> **EXERCISE**
Transcribe the listing below exactly, leaving out each image.

> **STORED DATA**
======

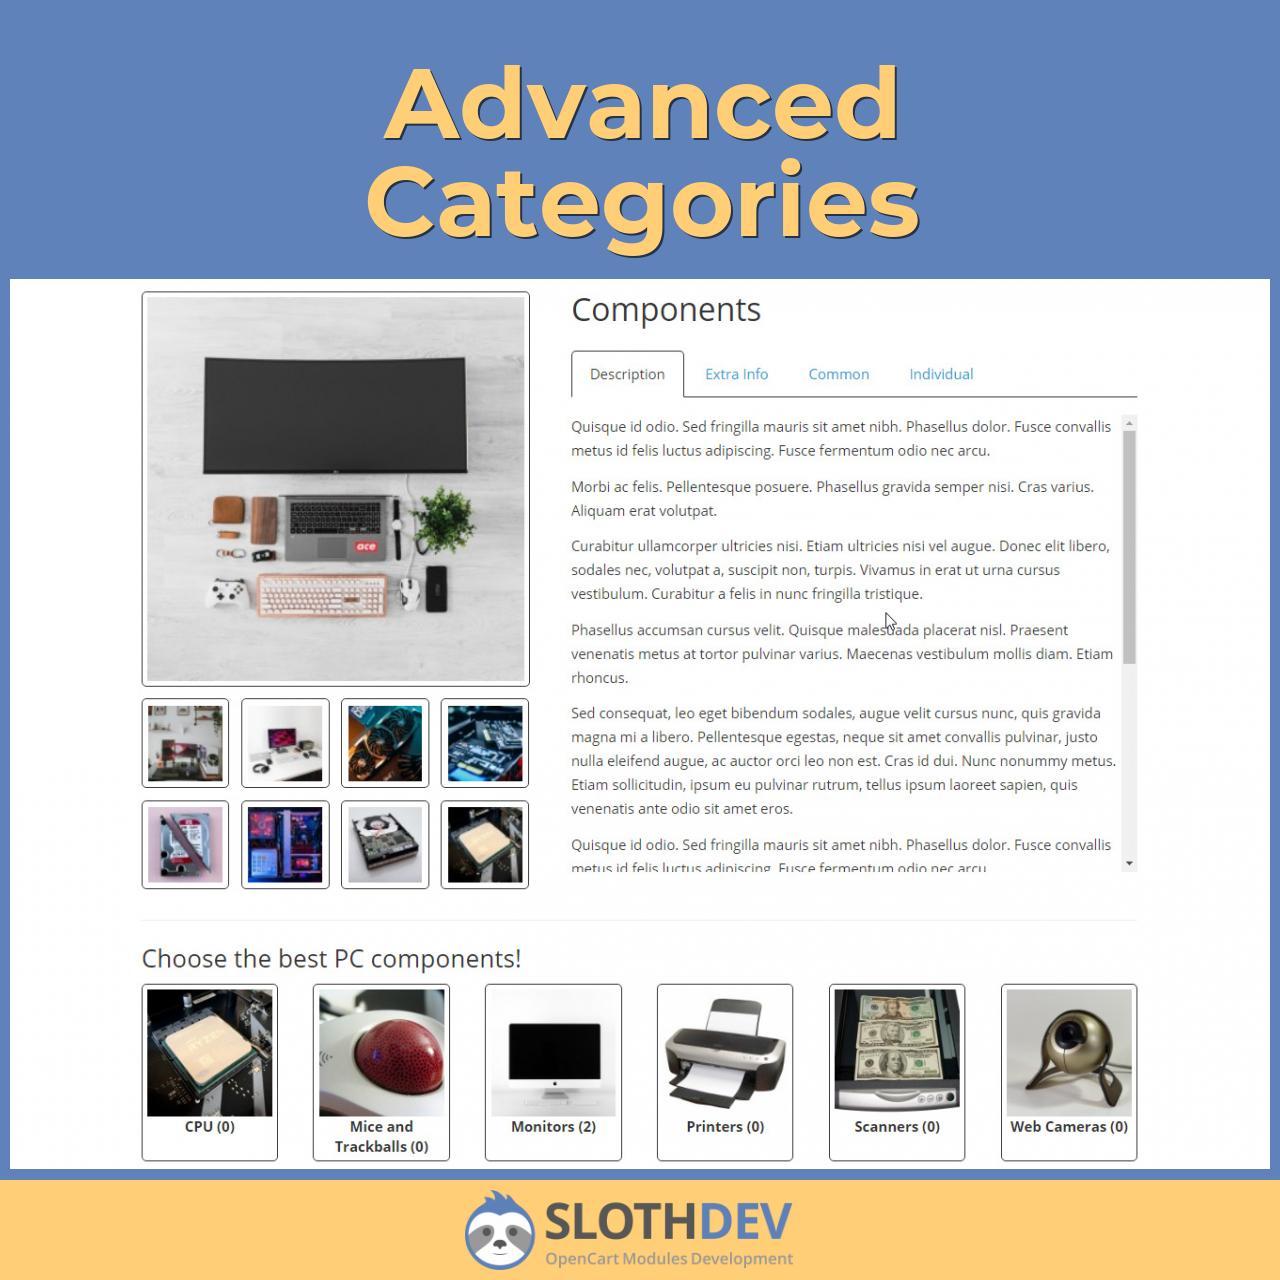 Advanced Categories
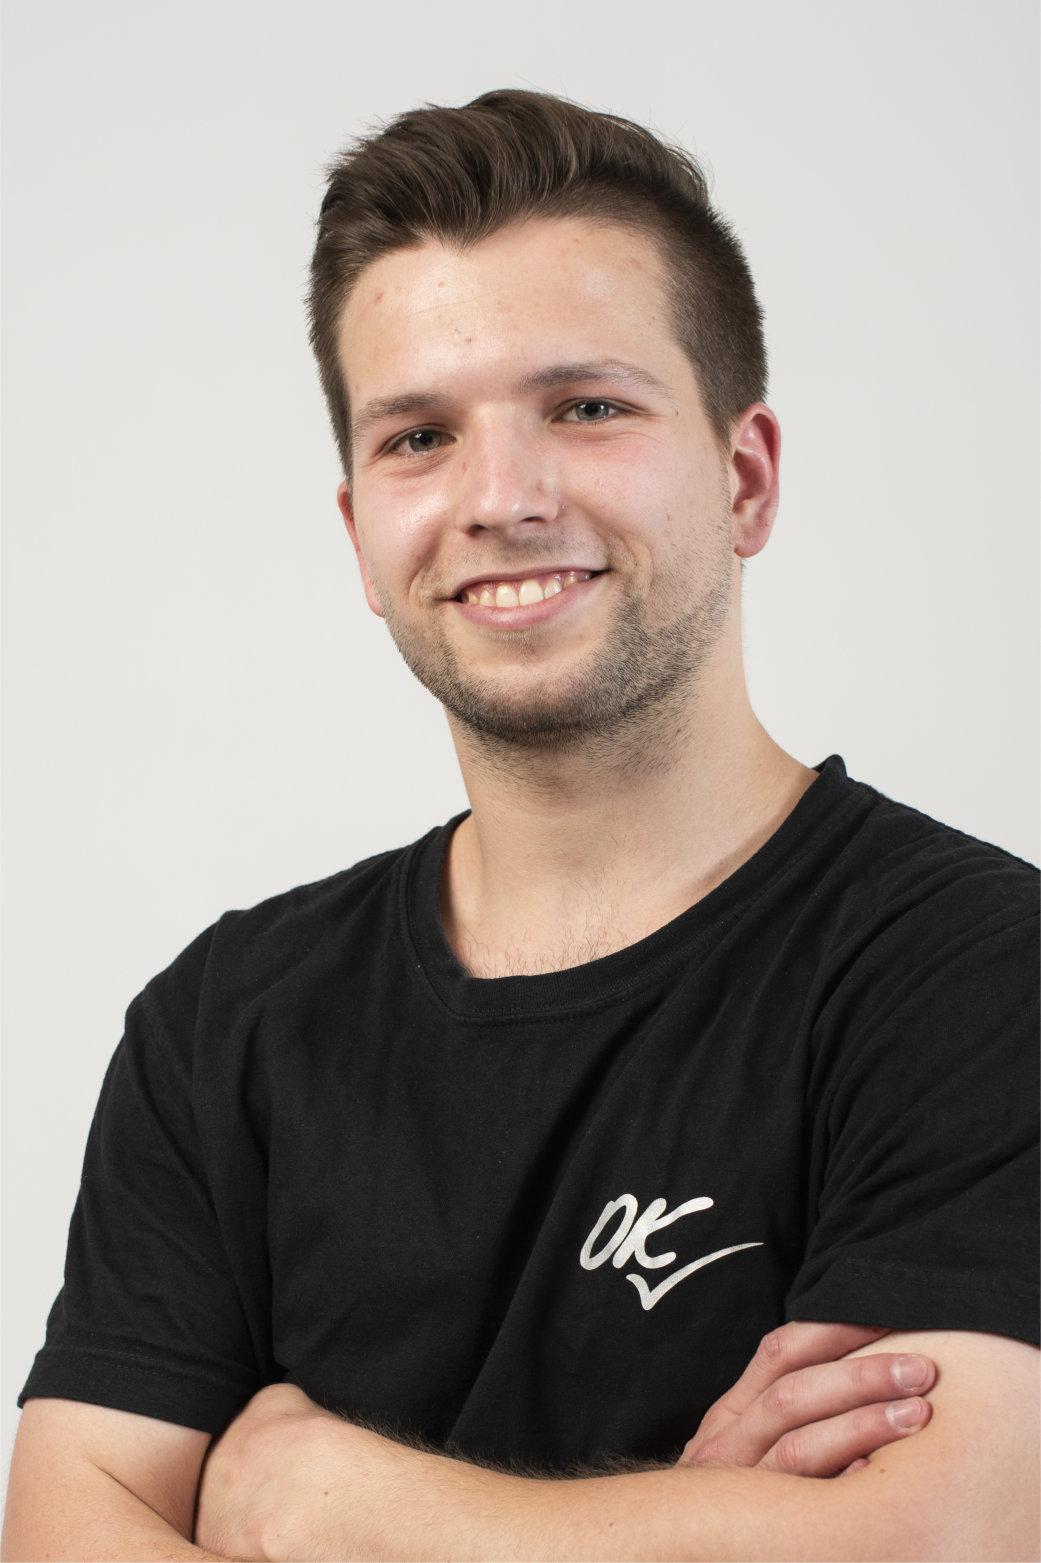 Kirschner Simon
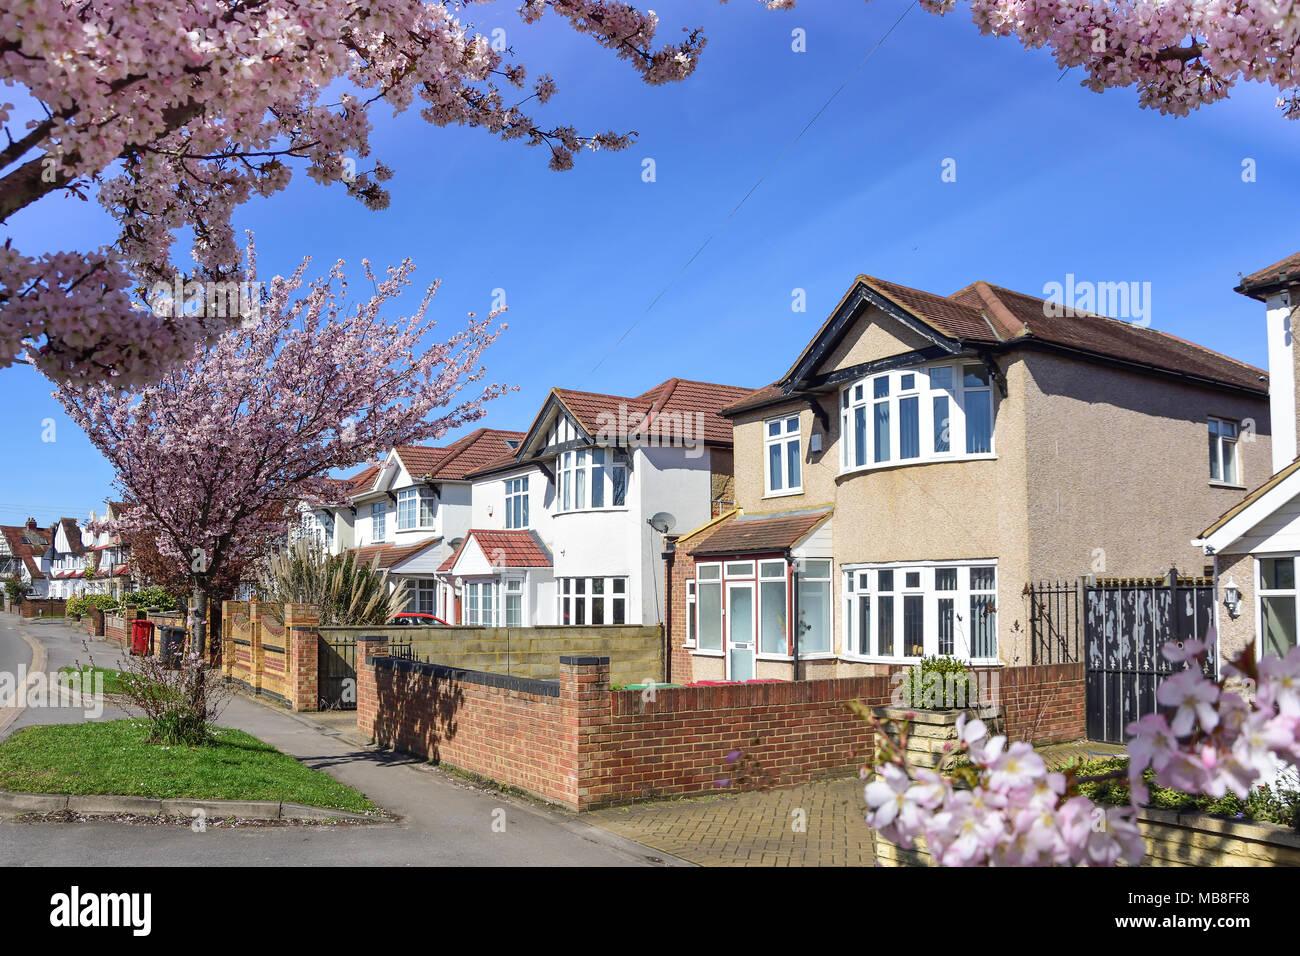 Street scene with semi-detached houses, Cippenham Lane, Slough, Berkshire, England, United Kingdom - Stock Image
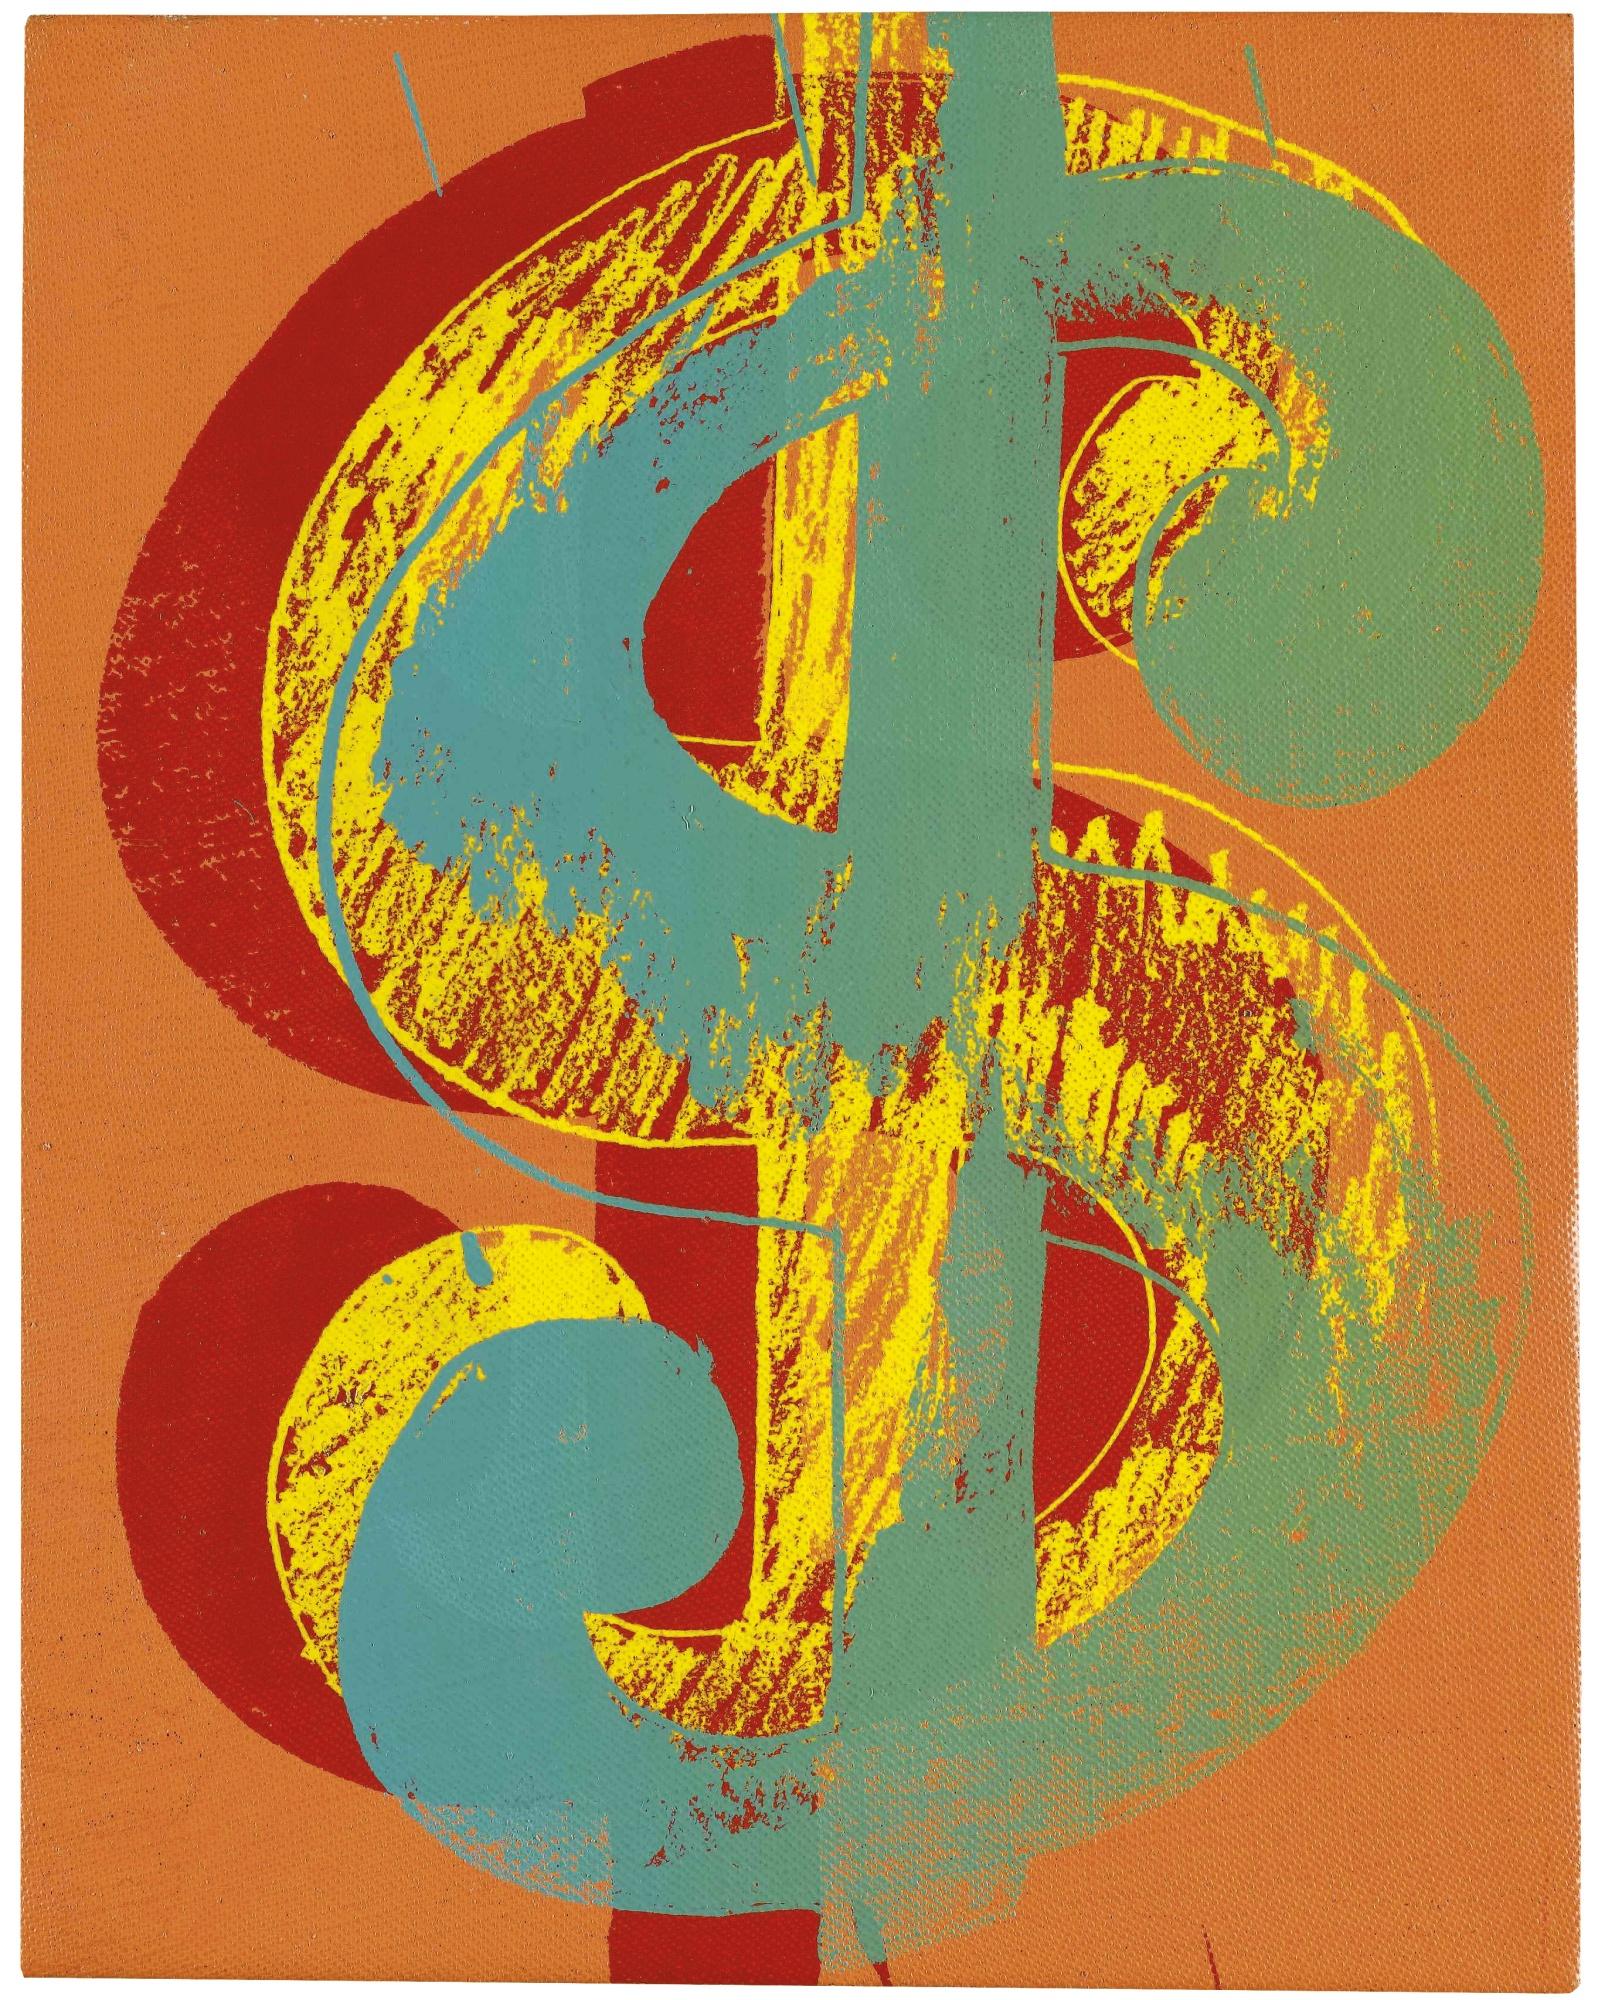 Andy Warhol-Dollar Sign-1980

======

> **FINISHED TASK**
 Advanced Categories
 Kirschner Simon
 Street scene with semi-detached houses, Cippenham Lane, Slough, Berkshire, England, United Kingdom - Stock Image
 Andy Warhol-Dollar Sign-1980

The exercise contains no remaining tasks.